A Time To Keep is a pleasure to read. I'd recommend any of his prose works.
This is a truly lovely book of short stories set in the Orkneys and conveying a completely different life to the one I live - and for that I have really enjoyed it. The writing is beautiful, the tales are all interesting and range in time from Viking raiders to a 20th century writer. I would definitely like to read more of Brown’s books - and his poetry.
Twelve Orkney based stories, the author's second volume. My favourites were: Celia. About an alcoholic woman. 9 A Time To Keep. The story of a newly married couple.8 Also included: A Treading Of Grapes.

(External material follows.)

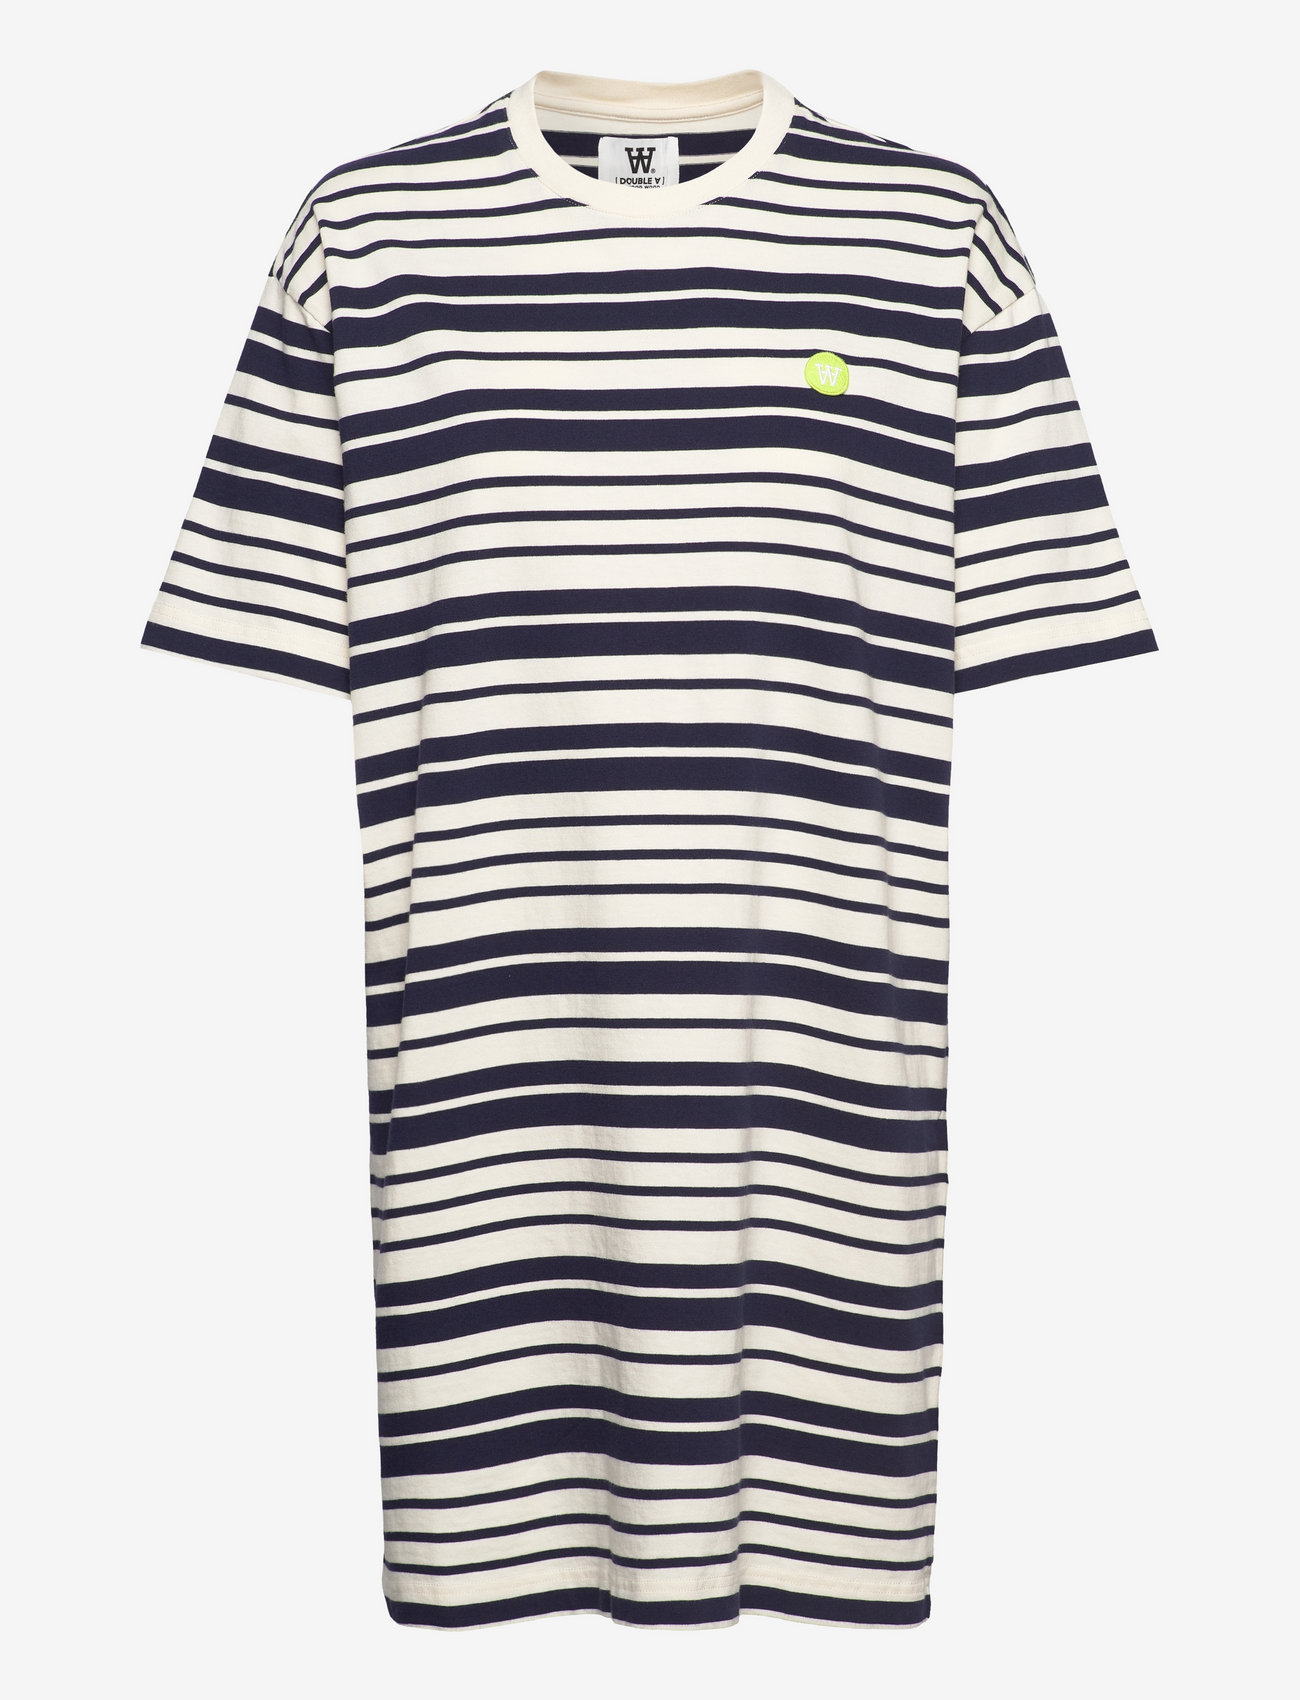 Double A by Wood Wood - Ulla stripe dress - t-shirt dresses - off-white/navy stripes - 0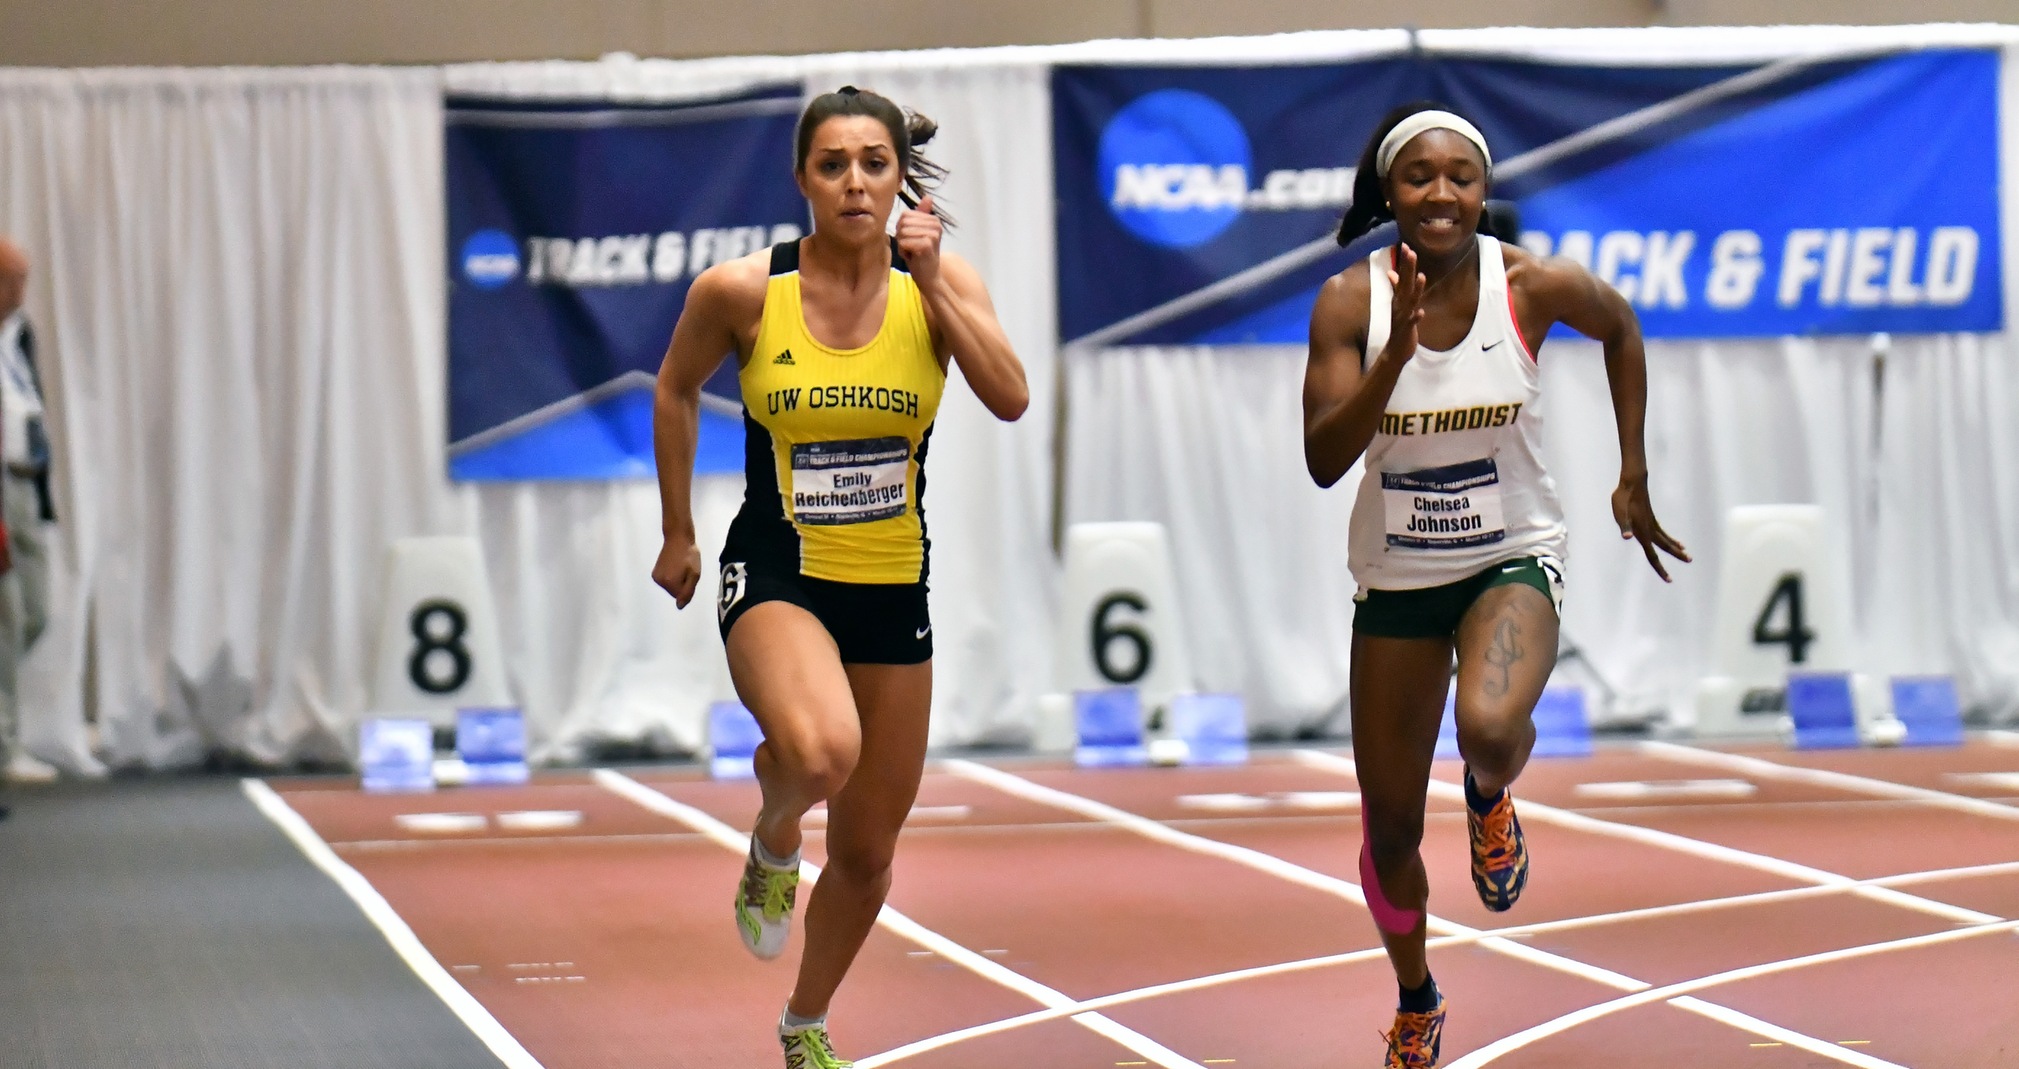 Emily Reichenberger finished eighth in the 60- and 12th in the 200-meter dashes at this year's NCAA Championship.

Three sermons by three priests of the same church over different centuries. 4 Icarus. Short humorous tale of a prophesying uncle. 7 The Storyteller. An old man telling tales in a bar. 6 The Wireless Set. Short tale about the first radio in Tronvik. 5 The Five Of Spades. Tale of a legendary gambler. 7 The Whaler's Return. A man navigating the trail of ale houses on his way to see his betrothed. 7 The Bright Spade. Short about a gravedigger's busy winter. 6 Tartan. Vikings come ashore. 8 The Carrier Of Stones. A man refuses several requests and becomes a monk. 8 The Eye Of The Hurricane. A writer's attempts to prevent an old sea captain from drinking. 7
A good look, through short stories, at the people of the Orkneys -- from Viking times through recent times. Dealing with the difficulties of life in a steady, quiet way. Well-known writer in the Orkneys.